** Exercise aim **
Images are not wanted; transcribe the rest of the listing exactly.

**** Collected material ****

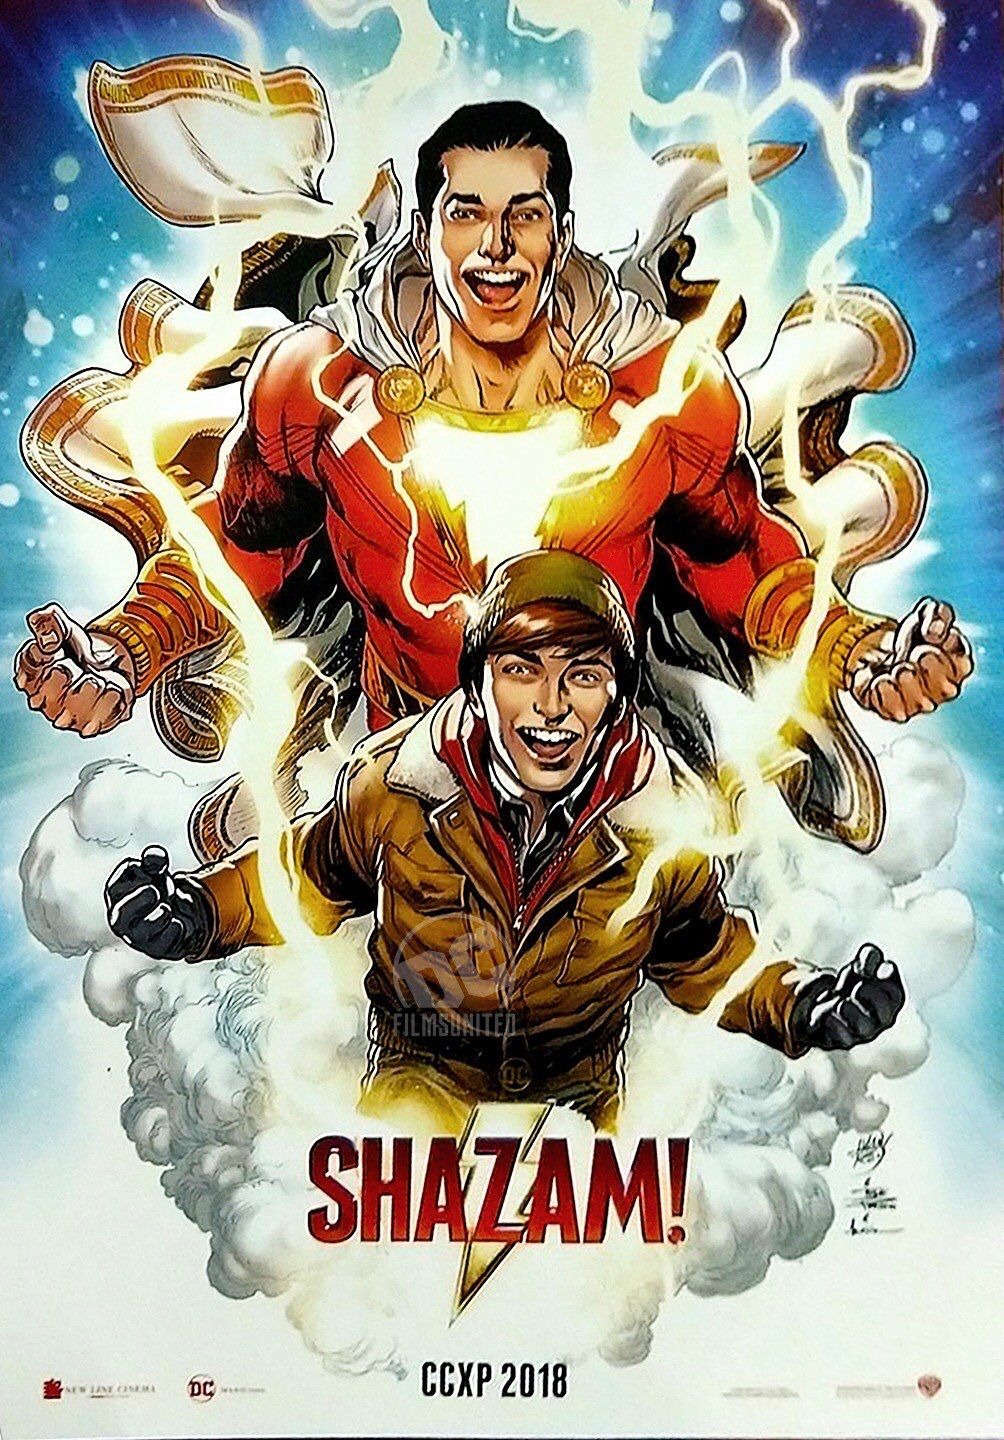 Extra Large Movie Poster Image for Shazam! (#2 of 10)
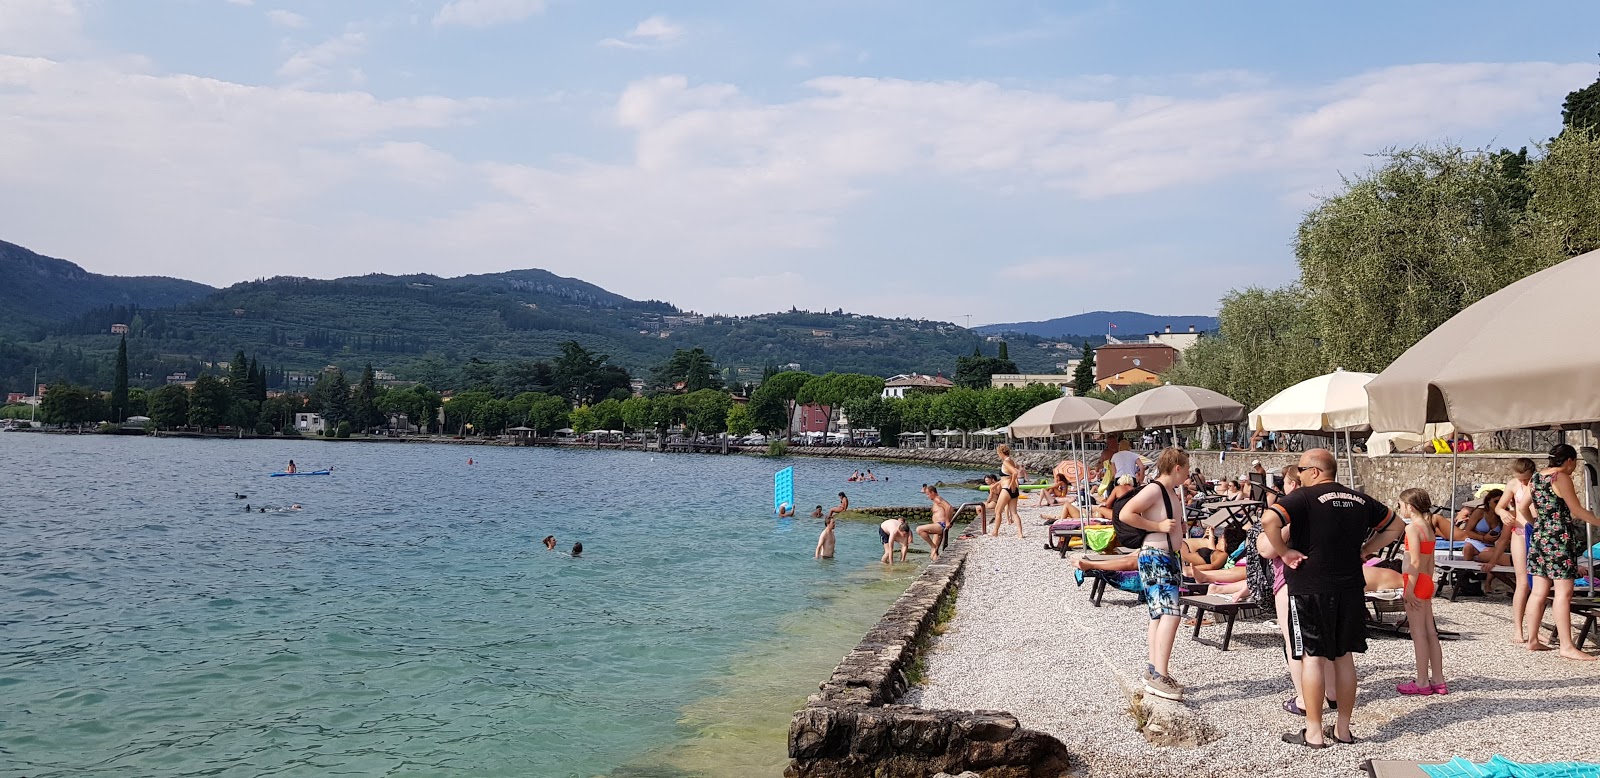 Foto de Spiaggia La Cavalla Garda - lugar popular entre los conocedores del relax
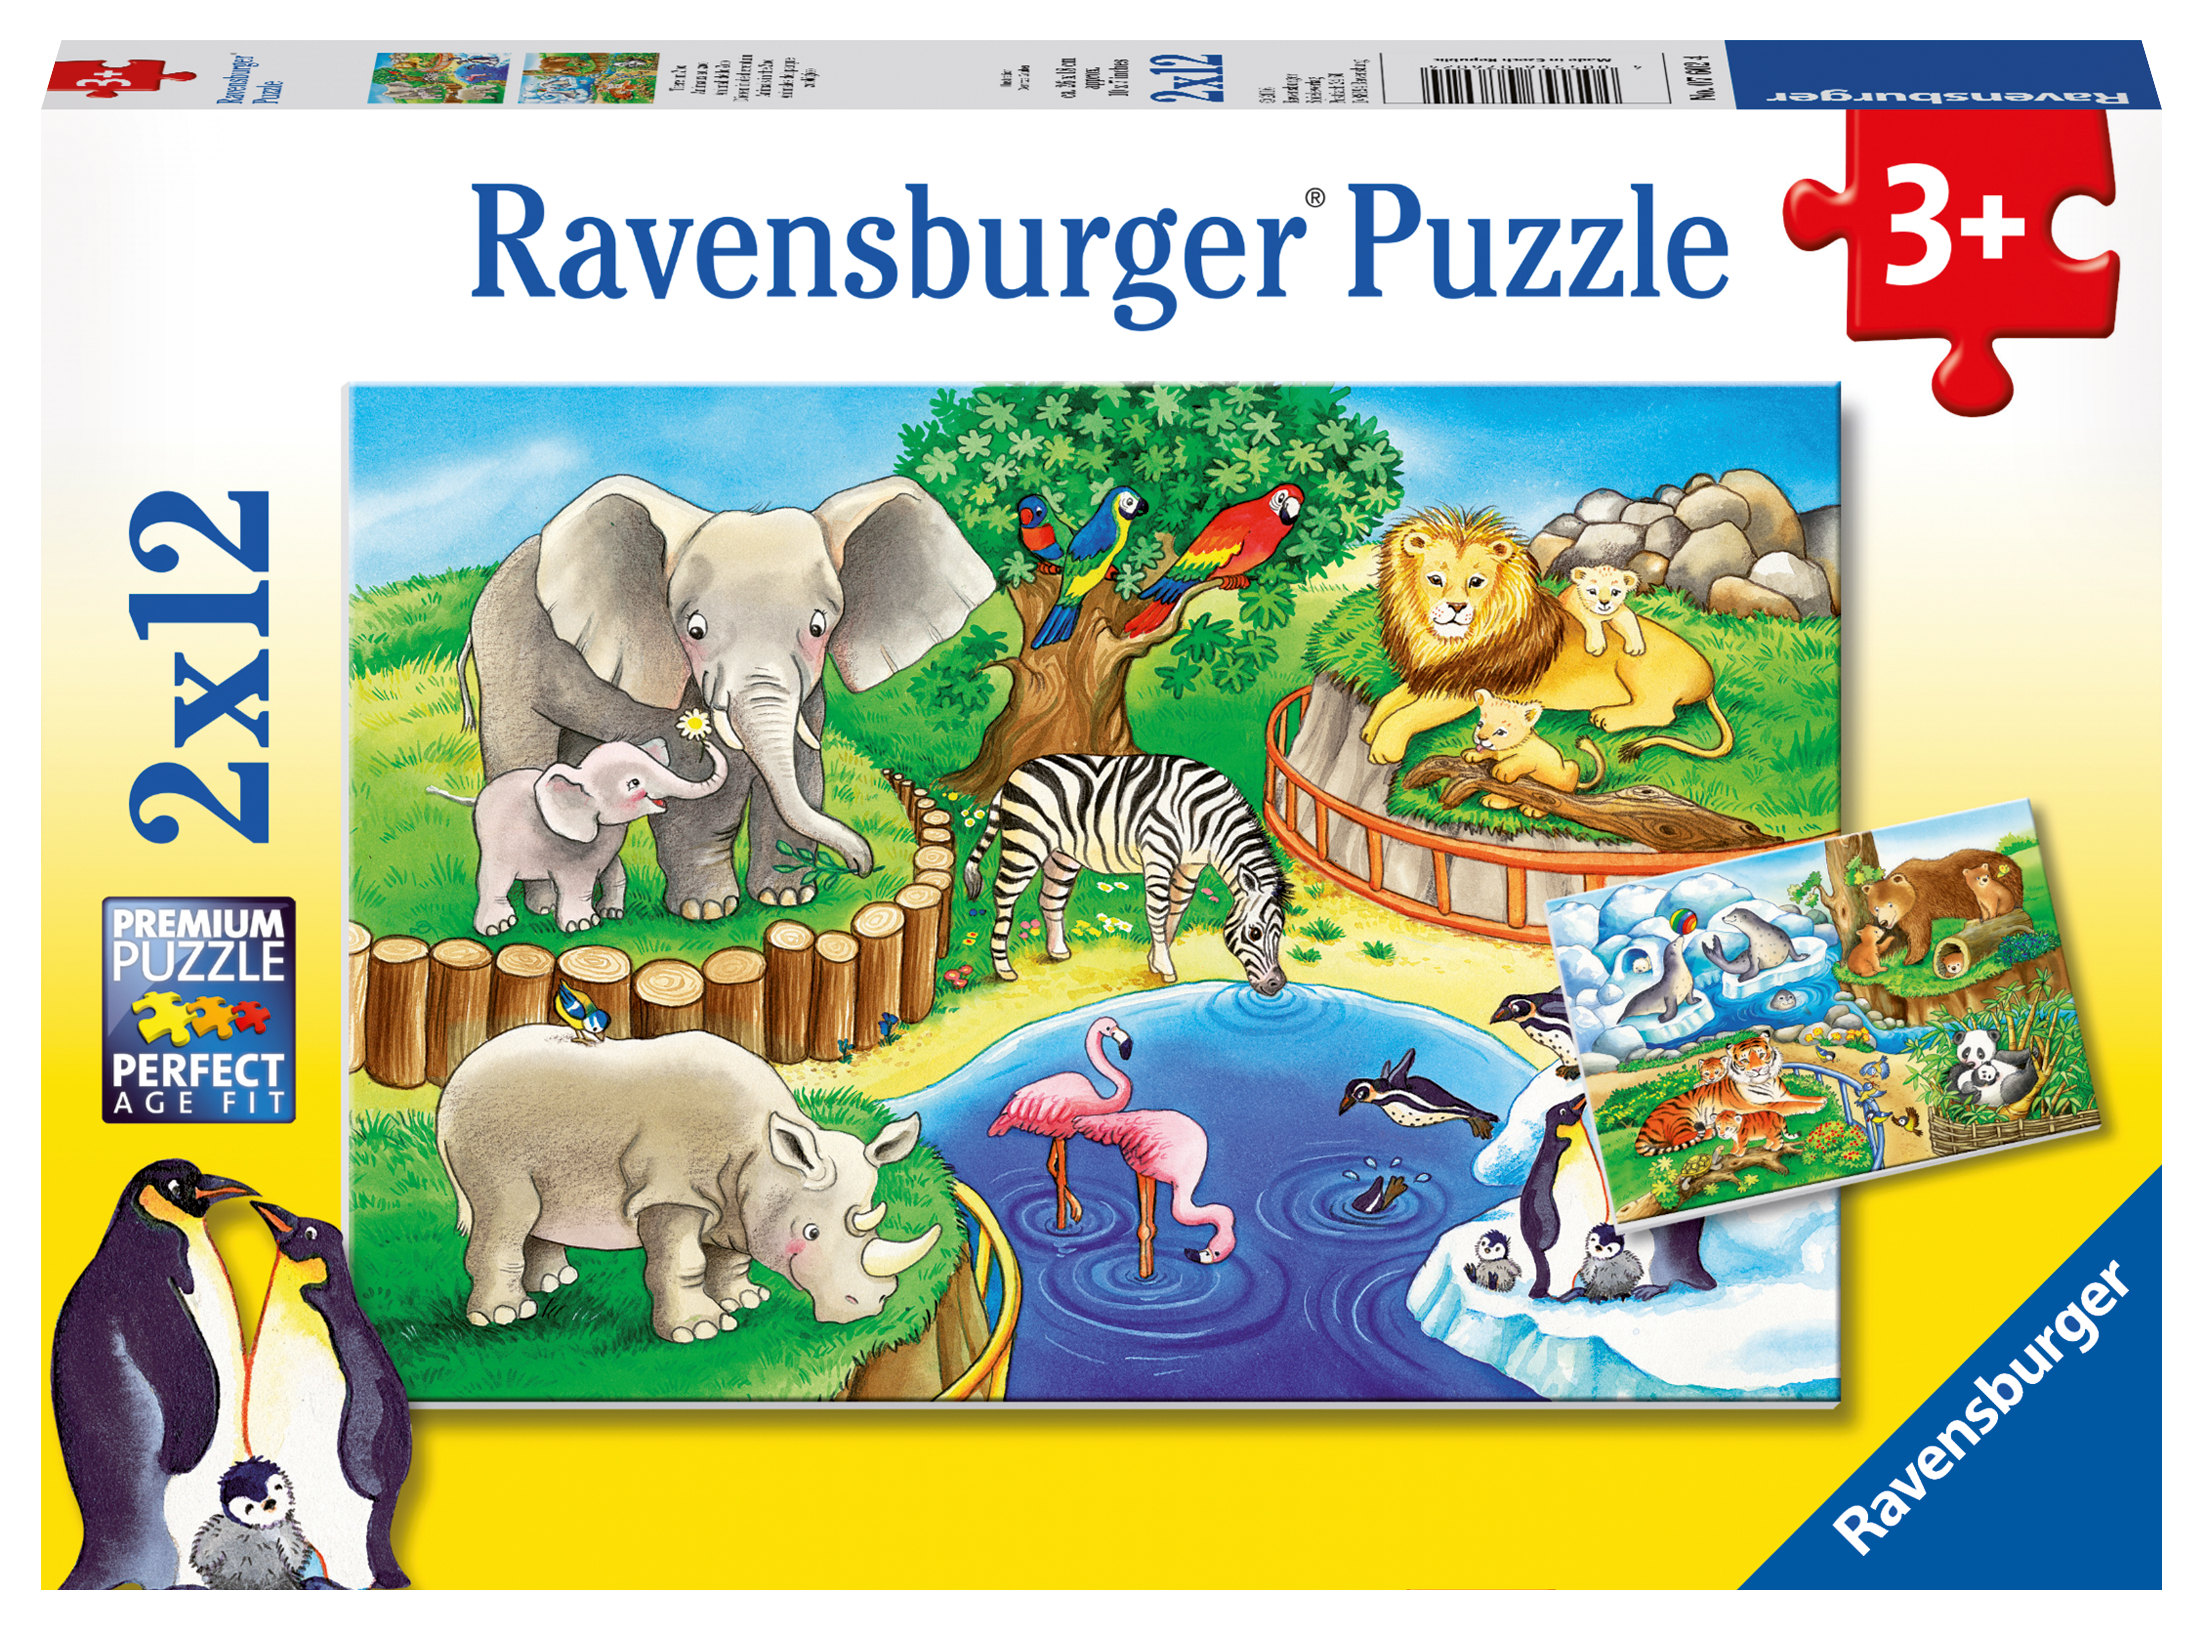 Puzzle Animaux de la jungle Ravensburger-12660 200 pièces Puzzles

****

** The answer **
 Extra Large Movie Poster Image for Shazam! (#2 of 10)
 Foto de Spiaggia La Cavalla Garda - lugar popular entre los conocedores del relax
 Puzzle Animaux de la jungle Ravensburger-12660 200 pièces Puzzles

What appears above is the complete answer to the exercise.